Re: Help, My Sister Is In Abusive Marriage by Richy4(m): 9:09pm On Jul 05, 2019
If she dies in that abusive relationship, no one will bury her with those kids... The good news is that she is working...
The beginning of a new journey is always difficult.. that is why all of you should encourage her to take that first step by contributing the money u would have used to buy coffin and find a two bedroom face me I face you house for her.. pay for one year then Let her stay there and start managing with her income...

She will adjust once she is alive... Please your family should do that ASAP if u really love your sister and want her alive ... When you have done that.. Congratulate yourselves..

In the event that she still wants to Answer MRS, by going back to eat her vomit,Tell her that all of you are going to wash your hands off her.. in fact the whole family should agree on it...
Let her know that those kids will not die.... A lot of people are 6 feet under because they were thinking about their kids, They remained in an abusive relationship and they still died in the process... Don't let your Sister be one of the statistics..

7 Likes

Re: Help, My Sister Is In Abusive Marriage by eniolorunfe: 9:15pm On Jul 05, 2019
I am soooo angry reading this. What other advice do you need

LIFE FIRST Please!!!

Get your sister outta there ASAP!!!

Every other thing will fall in place.

3 Likes

Re: Help, My Sister Is In Abusive Marriage by sisisioge: 9:19pm On Jul 05, 2019
Well...its either she takes what she has right now and leave or negotiate the opportunity cost of her death in the grave! Fooooirkking assssszholes abusing their wives since 170BC! And some idiatss won't let me continue to enjoy my peaceful Singleton bayi! Whew!


Pardon my French please.

3 Likes

Re: Help, My Sister Is In Abusive Marriage by mezarddinny: 9:46pm On Jul 05, 2019
the beating started early in the marriage and your sister still went ahead to have 4 kids? what happened to getting the birth control stuff? I'm sorry to say this but your sister is the architect of her problem and she stayed too long hoping God will answer her prayers and change him, but it's not too late though.

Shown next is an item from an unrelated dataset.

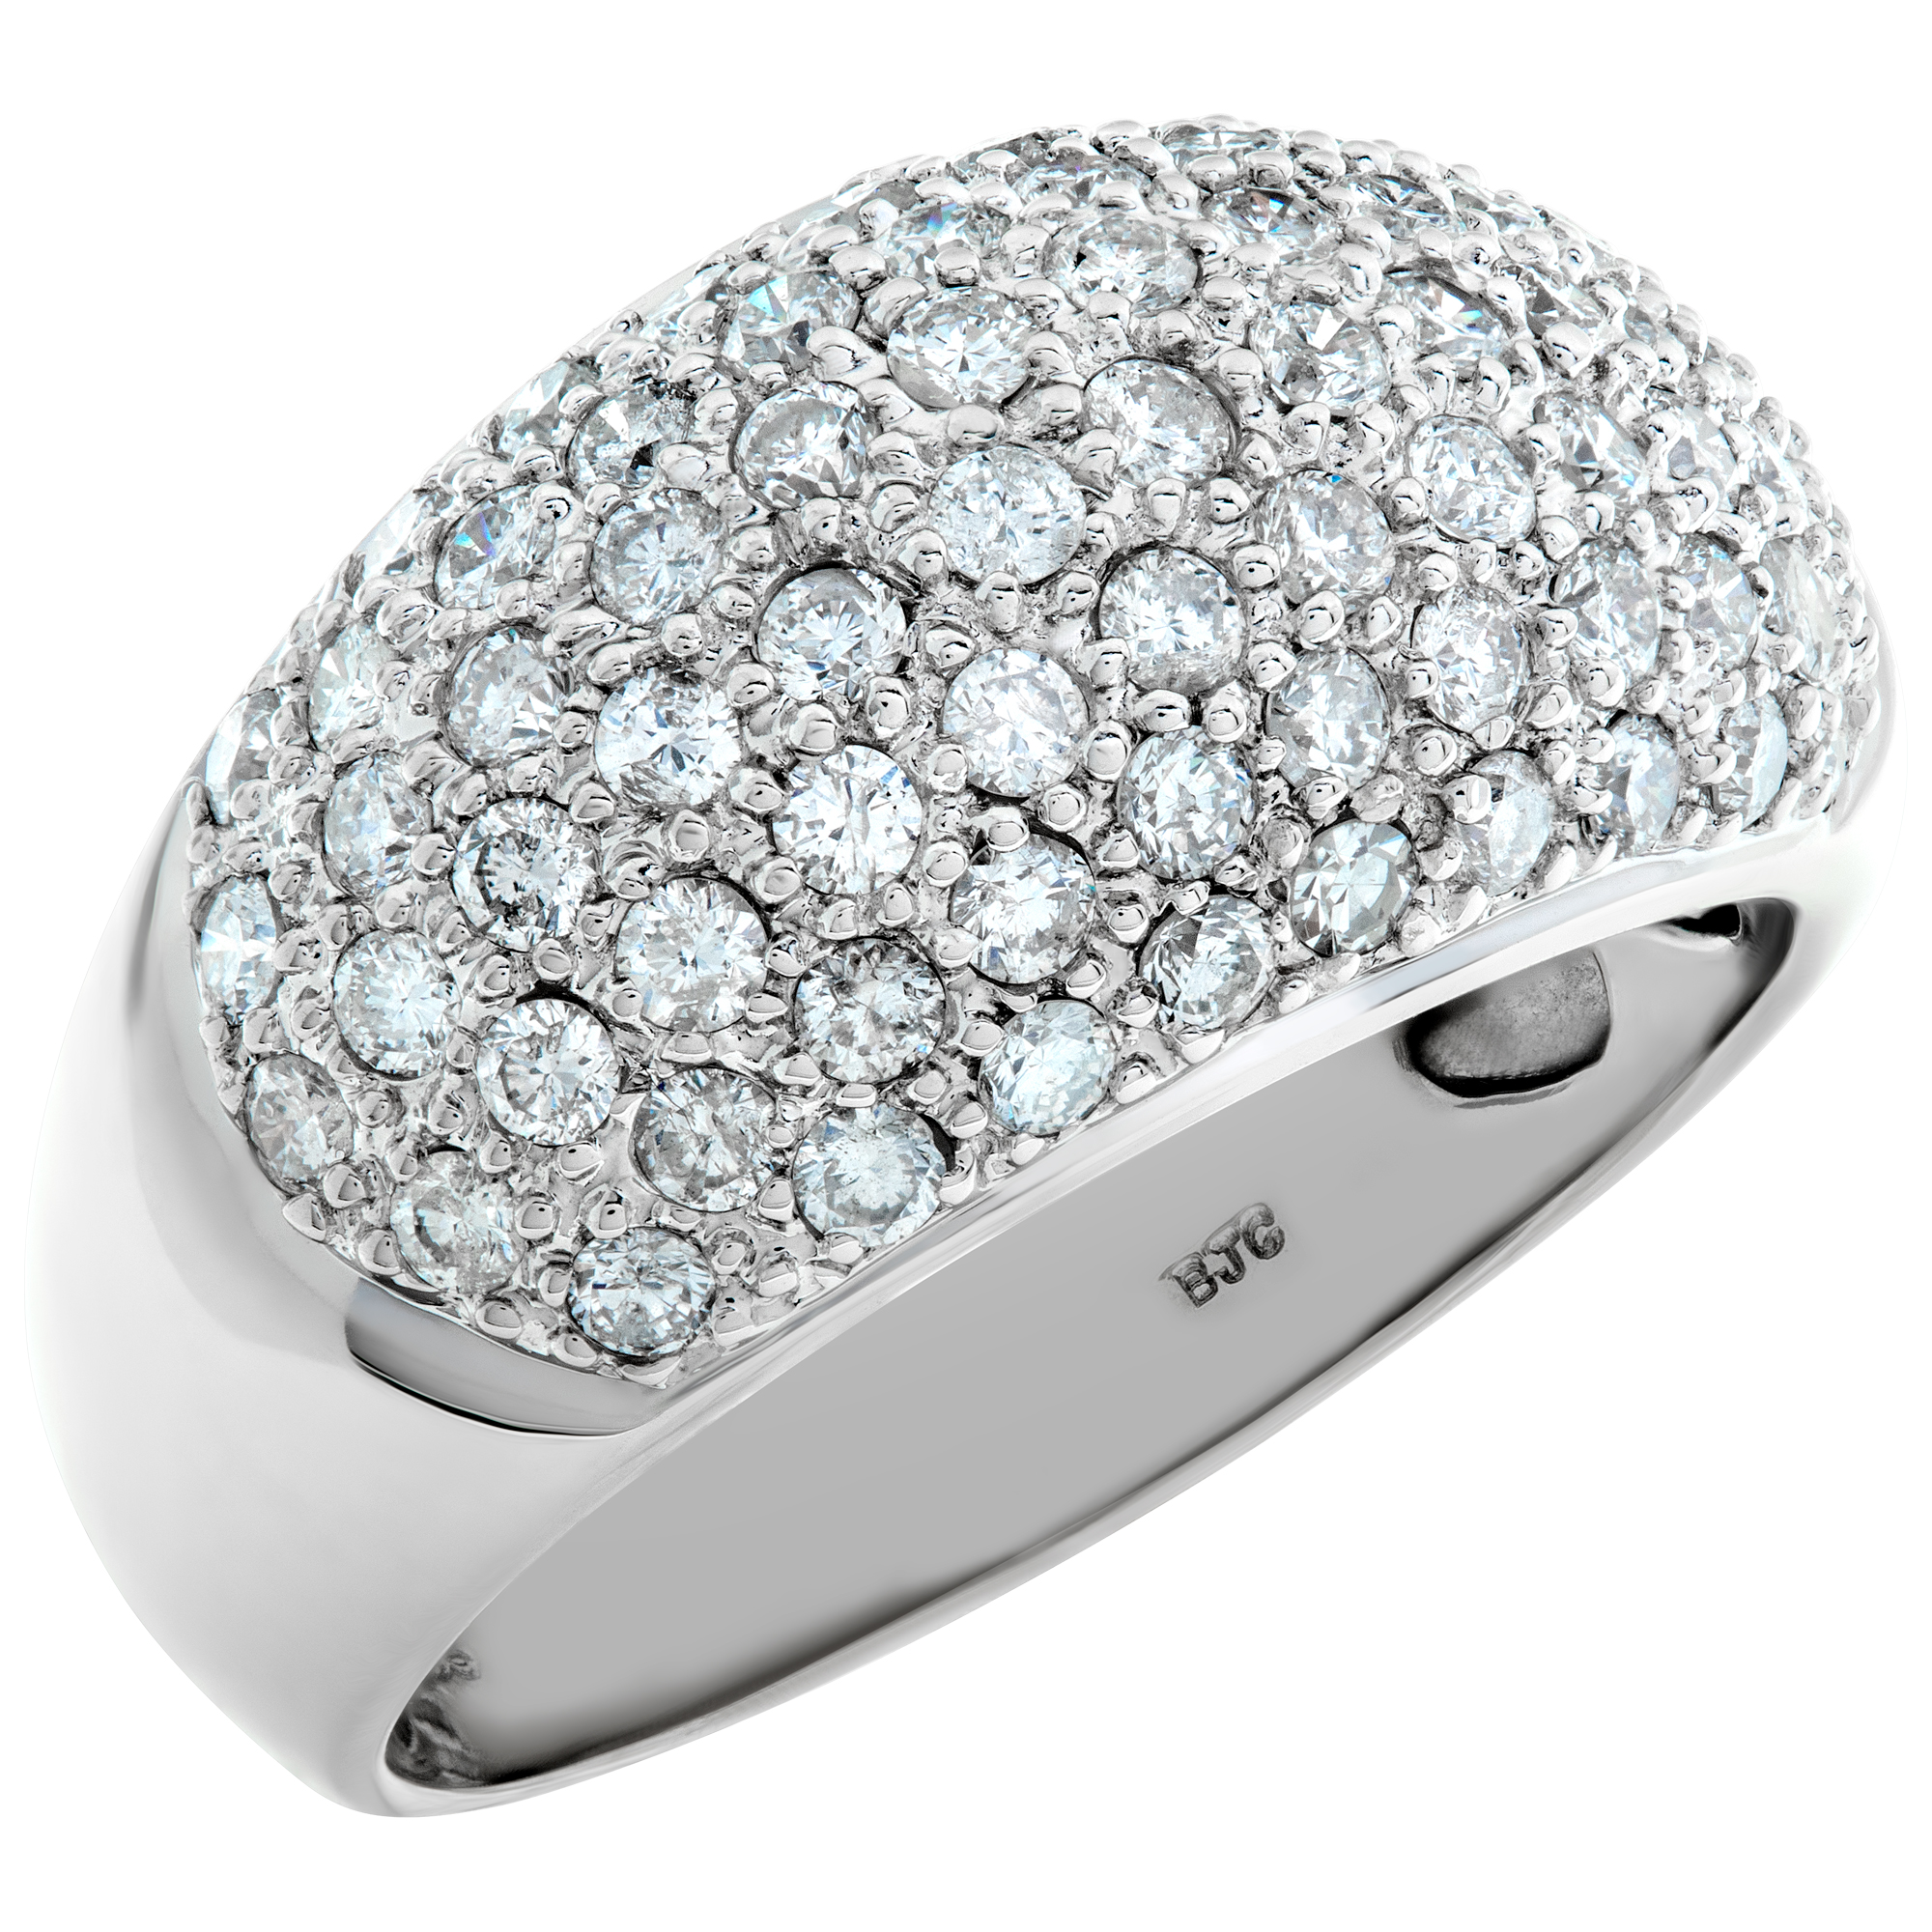 Domed Pave diamond ring in 14k white gold. 3.0 cts in pave diamonds.(G-H, SI2) image 3

we had same fears for my aunt but since she left her husband, she has been living fine even with little help from family and friends without hoeing around

if a man can work to feed 5+ people excluding himself, a woman can do same

tell her to save money(if she has a job or business) and when she has saved a sizeable chunk, she can move to a state with a cheap cost of living(if she doesn't live in one already) and from there she can start her life. she will suffer and regret her decision early in her hustling but when things get better, she will appreciate her escape. tell her to put her children in public schools and teach them when they get back home and whenever they are free or on holidays, they can assist her in her business.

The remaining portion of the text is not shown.